An article on Mapping XML to Java by Robert Hustead got me started. These are the steps which followed:

  • I made sure PATH is set to include the Java utilities I downloaded in Sun's JDK:
        PATH=/usr/local/jdk1.2.2/bin:$PATH export PATH 
    This overrides old versions of Java utilities supplied with my Linux installation.

  • I followed the links to David Megginson's SAX pages, from where I downloaded SAX 2.0 Java package in a file sax2.zip. This was unpacked using unzip - the file can also be unpacked on Windows using WinZip.

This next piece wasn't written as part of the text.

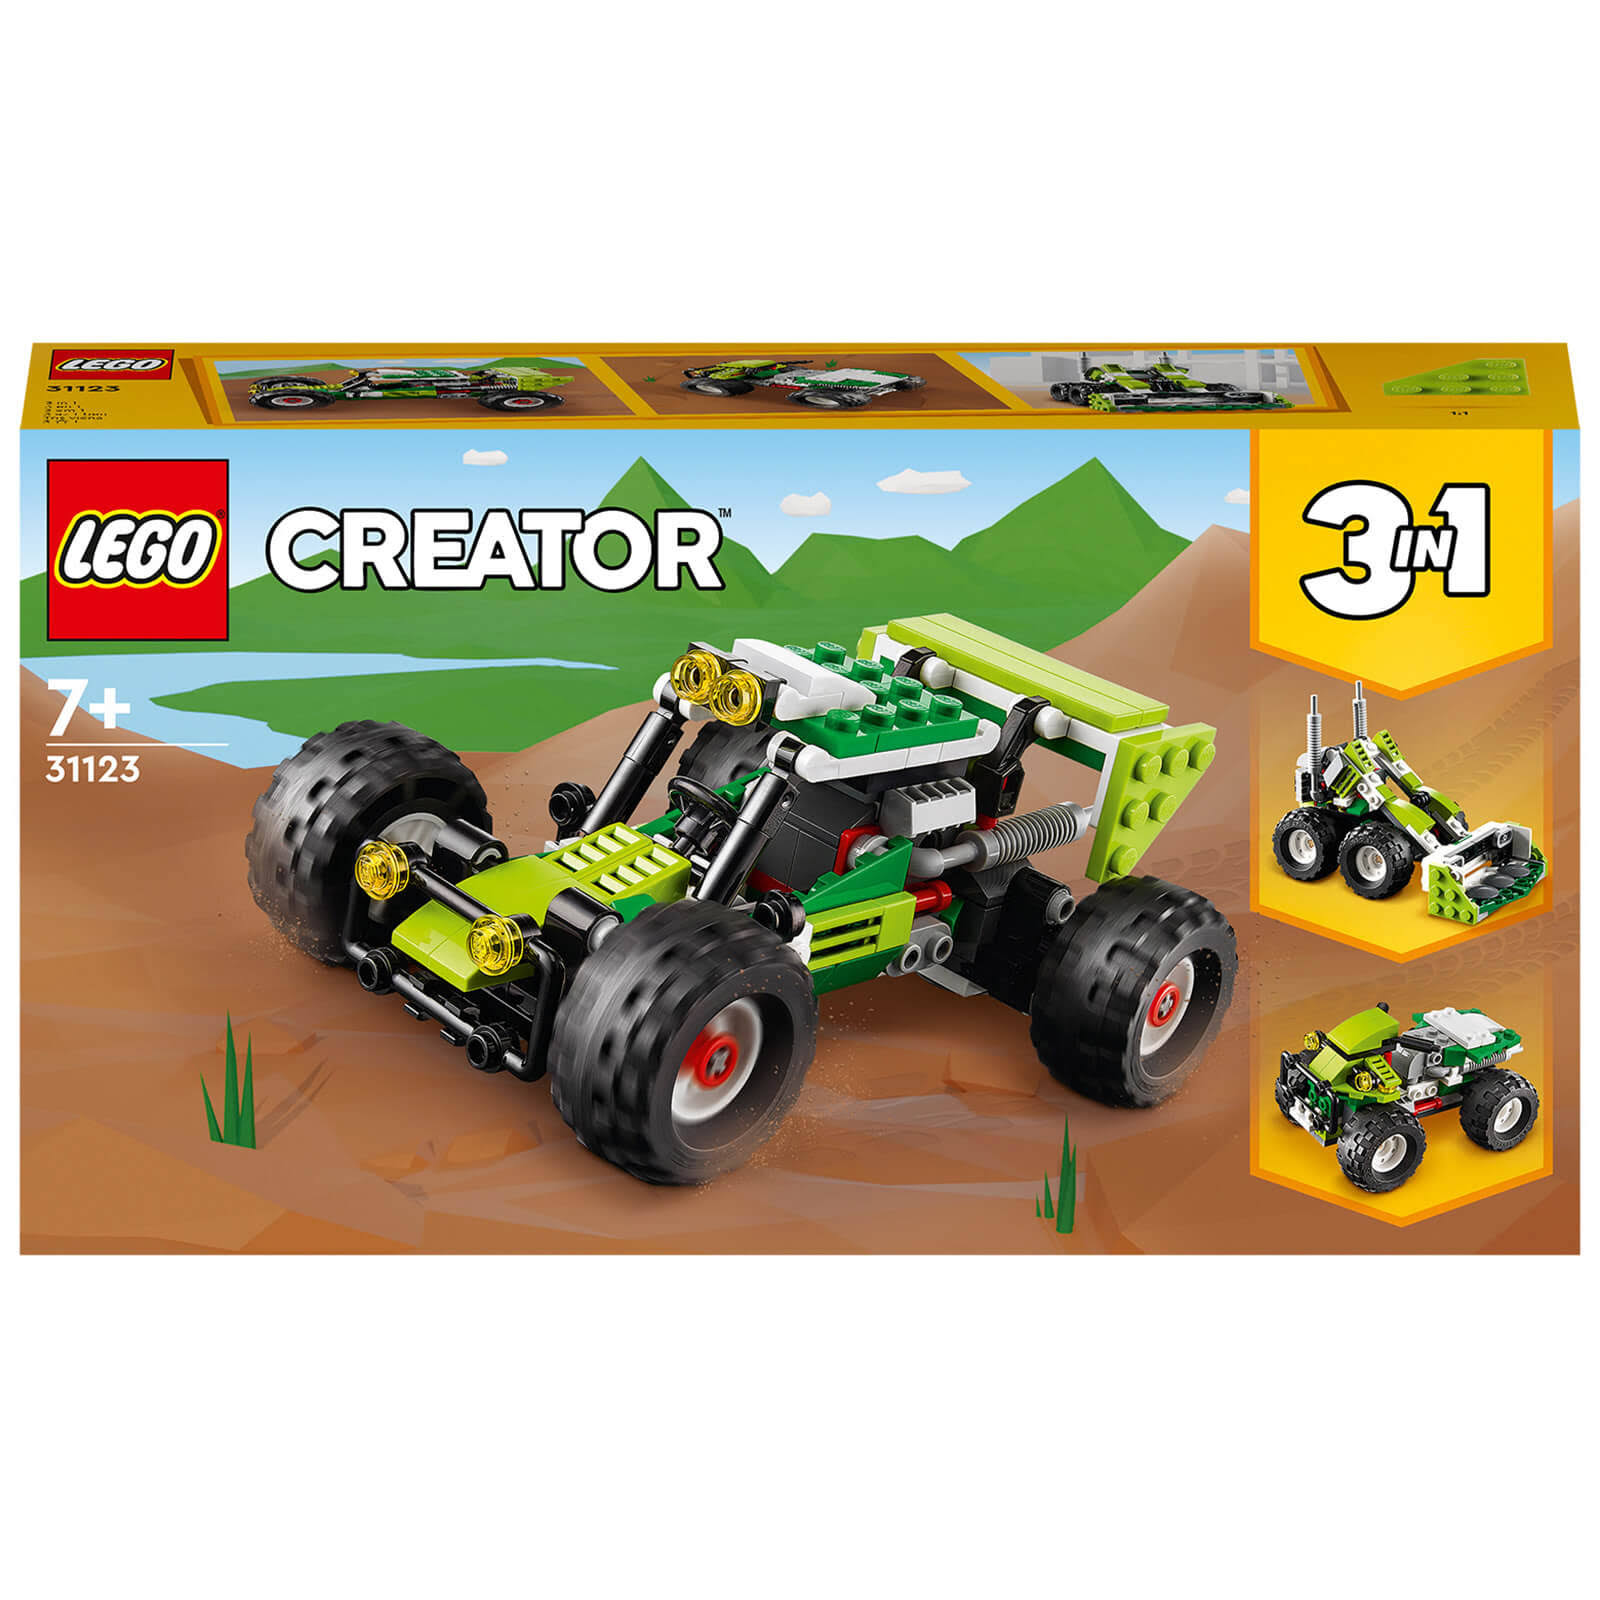 LEGO Creator: 3in1 Off-Road Buggy, Digger, Toy Car Set (31123)
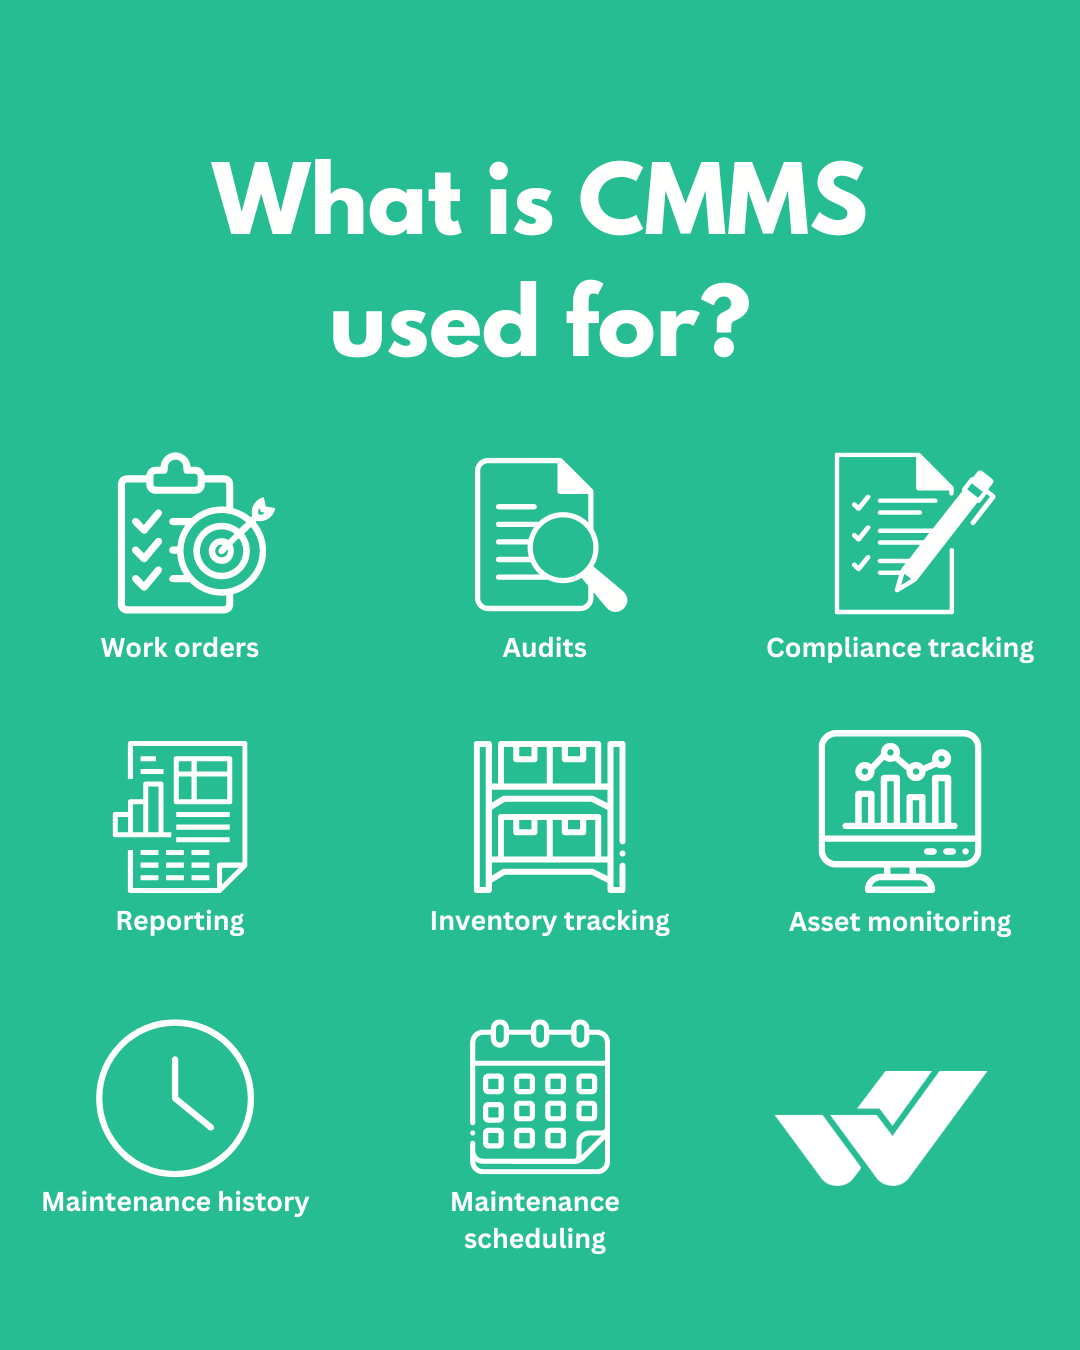 What is CMMS used for?

  • As recommended I downloaded the Xerces Java parser from the Apache Software Foundation XML project site. I chose Java version 1 (to be precise 1.3.1) as version 2 seemed still to be in development. The documentation (see below) confirmed it supported the SAX 2.0 API. I then ran into some problems trying to unpack the file downloaded. Although the link implies the file extension is ".tar.gz", the file actually downloaded was Xerces-J-bin_1_3_1_tar.tar. The tar -z flag had to be specified to filter the files through gzip. Using tar any other way (or attempting to uncompress first using gunzip) was of no use. Luckily my version of GNU tar then worked fine:
        tar -xvzf Xerces-J-bin_1_3_1_tar.tar

  • To read the documentation for Xerces 1.3.1 I used the following commands:
        cd xerces-1_3_1/docs/html
    netscape `pwd`/index.html

    To read the documentation for SAX 2.0 I used the following commands:

        cd sax2/docs
    netscape `pwd`/sax2.html

    In both cases a link then takes you straight to the API documentation.

  • I then followed the Quick Start guide in the SAX documentation. In order to compile the sample code, its necessary to set CLASSPATH in the environment to include both the SAX and Xerces Jar files, in my case:
        CLASSPATH=/mnt/DOS_hda1/Linux/sax2/sax2.jar:
    /mnt/DOS_hda1/Linux/xerces1.3.1/xerces-1_3_1/xerces.jar
    export CLASSPATH
    This can also be done by using the -classpath argument to the Java compiler:
        javac -classpath /mnt/DOS_hda1/Linux/sax2/sax2.jar: \
    /mnt/DOS_hda1/Linux/xerces1.3.1/xerces-1_3_1/xerces.jar \
    MySAXApp.java
    This should create the Java class file MySAXApp.class.

  • When running the compiled Java class in the Java interpreter, you will get a Java runtime error message saying
    Exception in thread "main" java.lang.NoClassDefFoundError: MySAXApp
    unless you also add "." to your classpath, or else specify this on the command line. This just makes Java look in the current directory for the class file compiled in the previous step.

  • As mentioned in the Sax documentation, you need to specify a Java property on the command line to identify the name of the SAX2 driver class provided by the XML Apache parser. I found this by hunting through the API documentation:
        java -Dorg.xml.sax.driver=org.apache.xerces.parsers.SAXParser \
    MySAXApp

  • Now I had a working XML parser and sample code to read XML files and send to the parser. A few simple tests proved that incorrect XML files yielded sensible error messages:
        java -Dorg.xml.sax.driver=org.apache.xerces.parsers.SAXParser \
    MySAXApp file1.xml file2.xml [...]

  • Finally I wanted to put a try block around the setup code, and one around the file reading code, to handle exceptions. I was not entirely happy with declaring that main "throws Exception". Surprise, surprise, Java said I had inadvertently declared a variable in the first try block and attempted to use it in the second block. At last a block structured language that stops you writing spaghetti. I got round this by having a high level block to catch SAX exceptions, and a block around the file reading code just to catch IO and FileNotFound exceptions. So no more spaghetti from me.

    In making this change I discovered that, since FileNotFoundException extends IOException, you have to catch it first or else you have a code block that Java realises is unreachable.